Mobile vehicles including aircraft, trains, ships, etc. often provide rest areas for crew when the vehicle is intended for operation over lengthy time periods. Commercial aircraft in particular are required to provide crew rest spaces for aircraft which operate over extended periods of time. Common crew rest areas include bunks, chairs or seats, and lavatories for crew use. Aircraft crew rests are commonly separately provided for flight crew members and for flight attendants. Requirements for both crew rests vary, but components are often interchangeable. A common location on an aircraft for flight attendant crew rest areas is at the aft end of the aircraft, rearward of the aft passenger seating area and above the ceiling of the aft passenger seating area. This location is accessible using staircases and doorways or hatches.
Passenger carrier operators often request retrofit of crew rest areas, including adding to or expanding existing crew rest areas, or adding entirely new and independent crew rest areas. This is done to expand capacity by adding berths, increasing crew comfort and amenity levels by increasing berth dimensions, adding a feature such as a lavatory, or accommodating gender distinctions by adding dividers. It is often difficult to backfit existing vehicles, for example aircraft, with additional crew rest space due to items such as piping, structure, environmental control system ducting, flight control cabling, fire detection systems, stow-bin support structure and center stow-bins, and electrical cabling positioned adjacent to existent crew rest areas or areas where crew rests are desirable. Aircraft crew rests also commonly position passageways on the longitudinal centerline of the aircraft to maximize the usable space. Because the systems noted above and centrally positioned passageways normally use desirable crew rest space, these would all need to be moved to allow retrofitting a typical crew rest.
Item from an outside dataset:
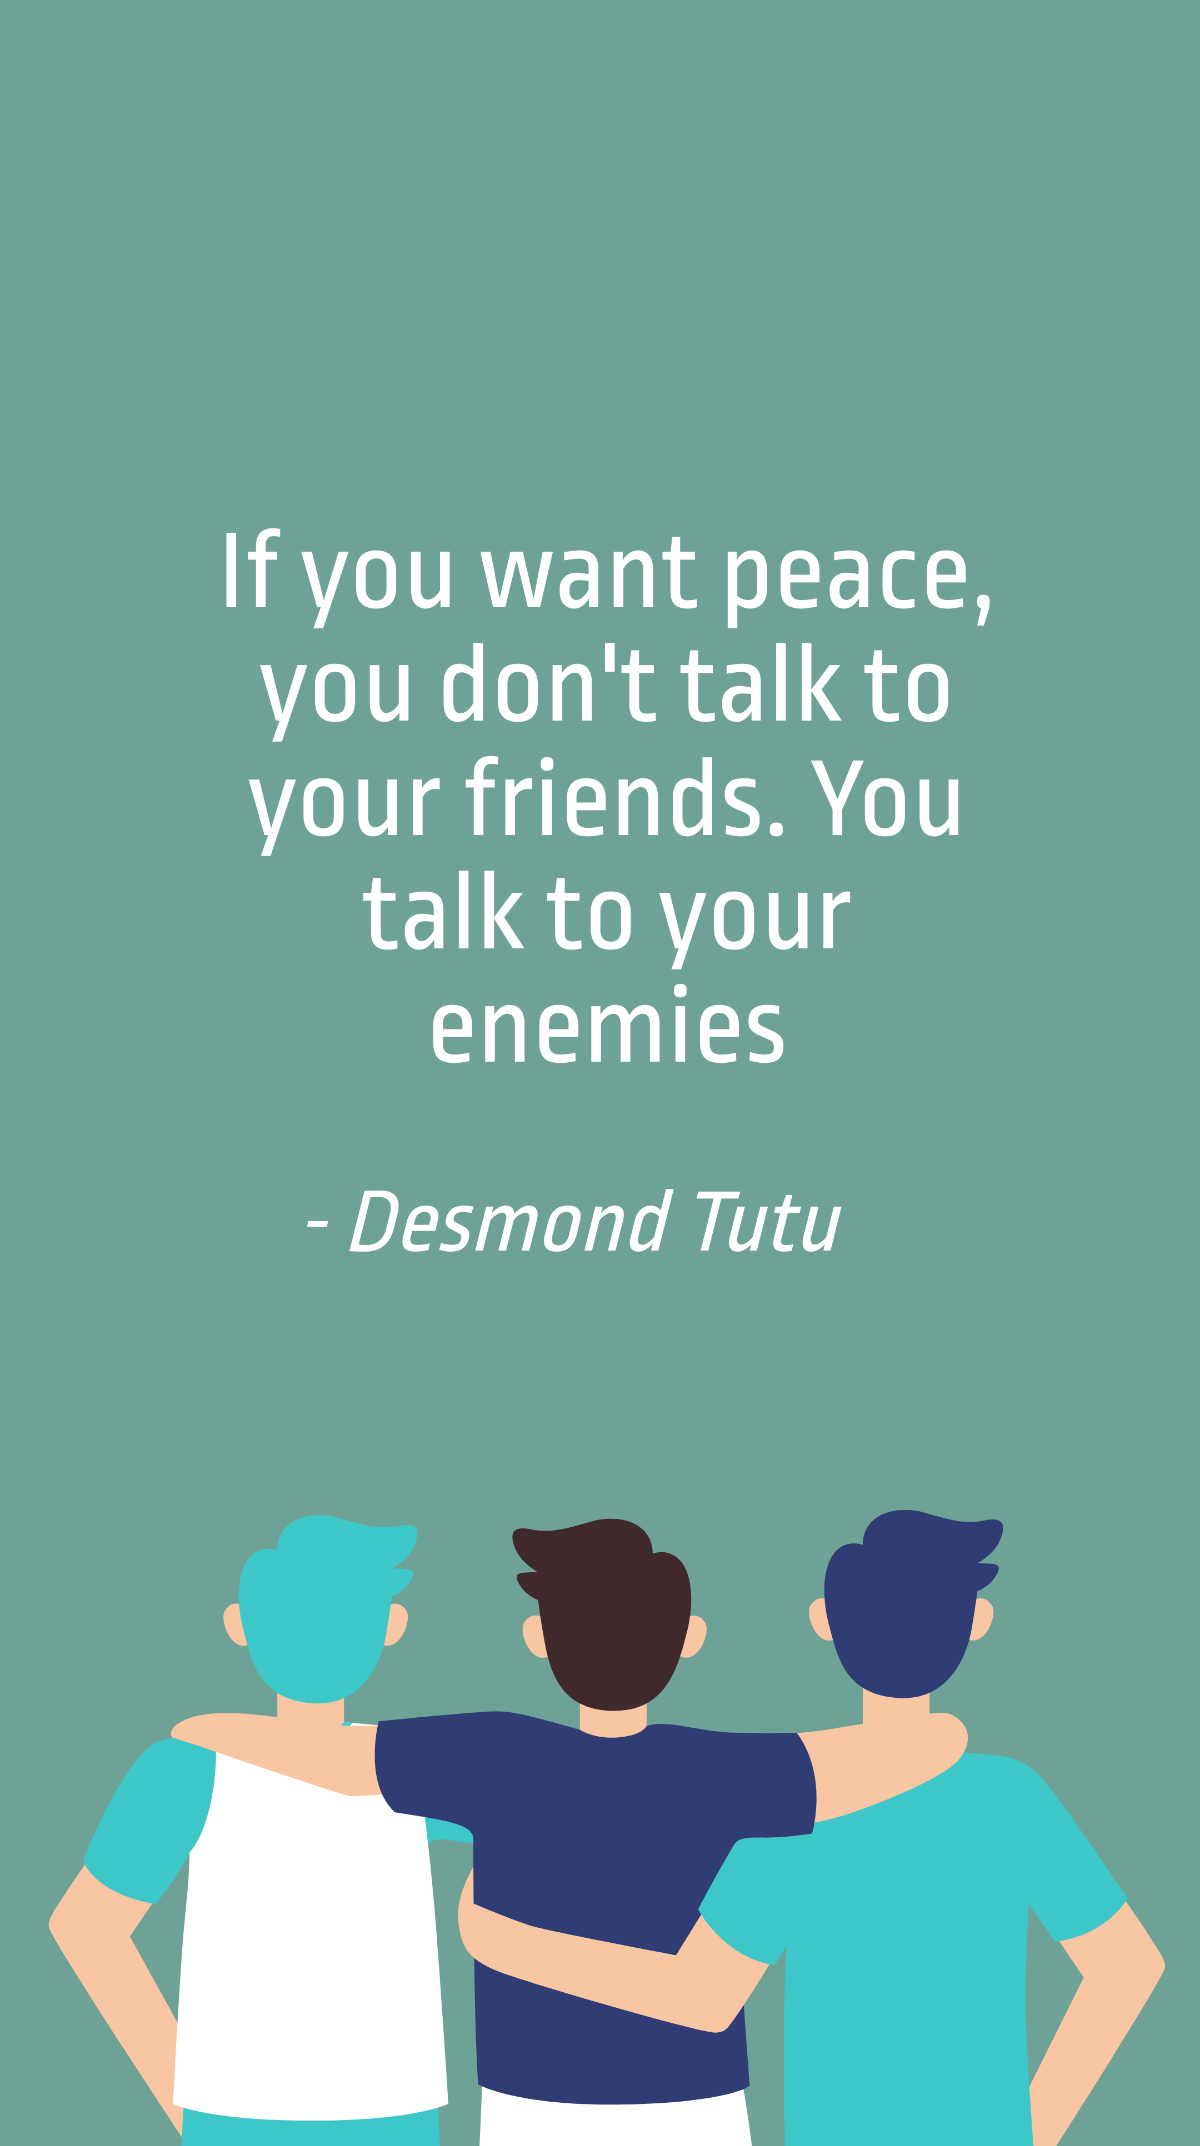 Desmond Tutu - If you want peace, you don't talk to your friends. You talk to your enemies Template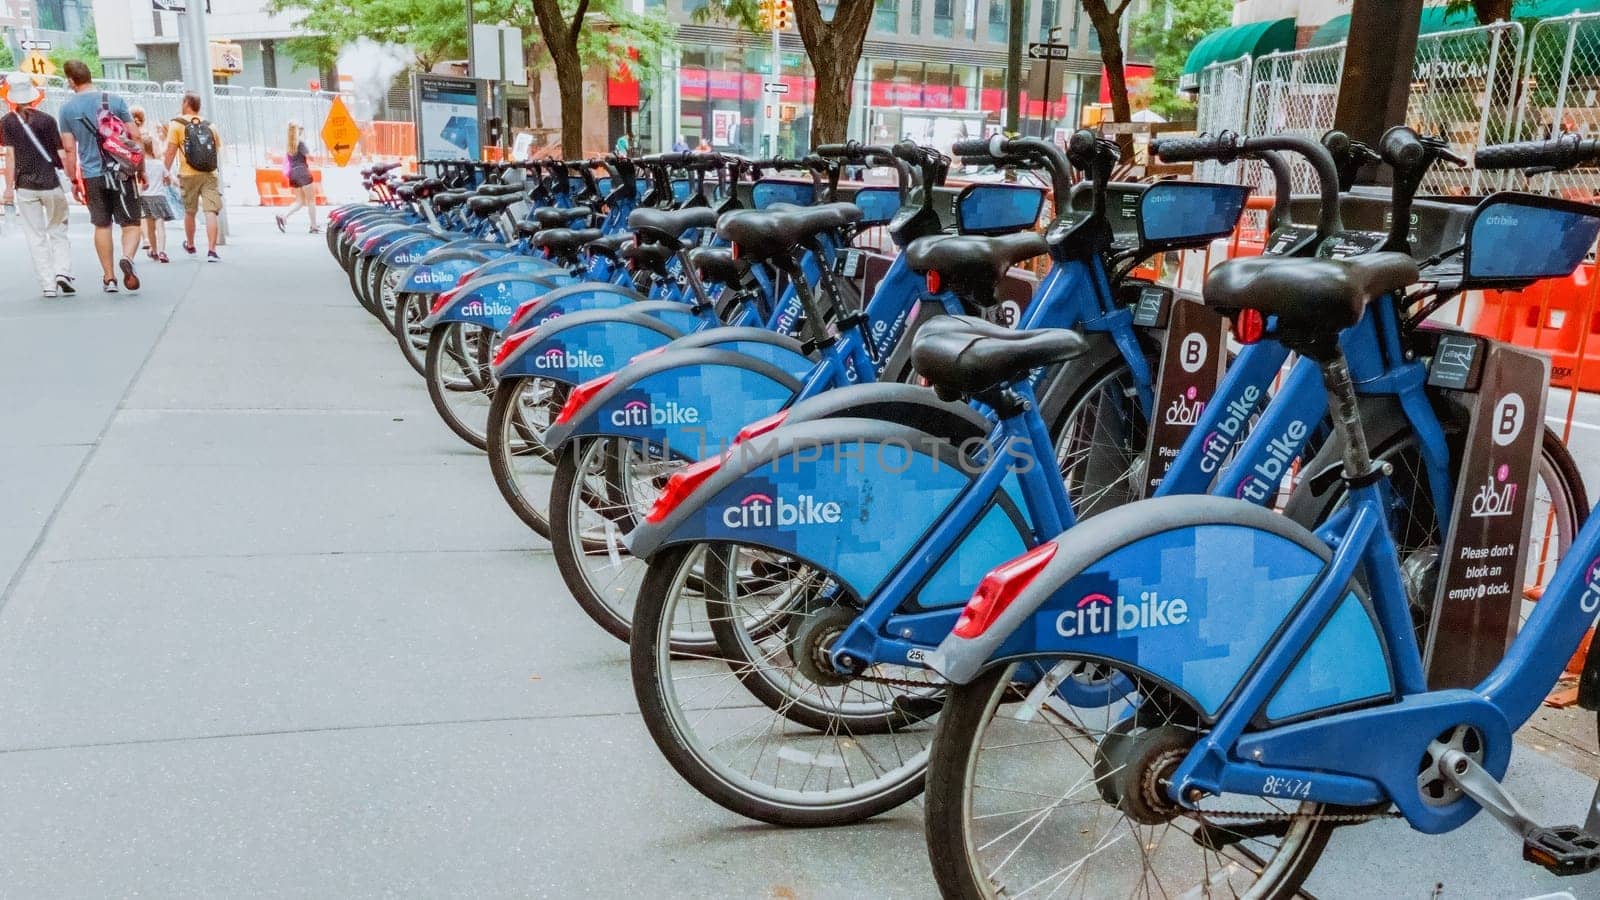 A row of vibrant blue bicycles neatly lined up on a bustling city street. Pedestrians walk by as tall buildings form a picturesque urban backdrop, creating a colorful scene in the city environment.

Another difficulty exists in aircraft, for example, having aft crew rest spaces positioned above the ceiling of passenger areas which are supported using ceiling structure. Because the ceiling structure is commonly optimized for the original crew rest space and weight, extending the crew rest volume, adding weight or adding passageway length can require significant modification to the existing passenger area ceiling design in addition to the impact on system piping, structure and cableways. Retrofitting a modified or new crew rest area as a unitary design is therefore impractical for many passenger vehicle designs.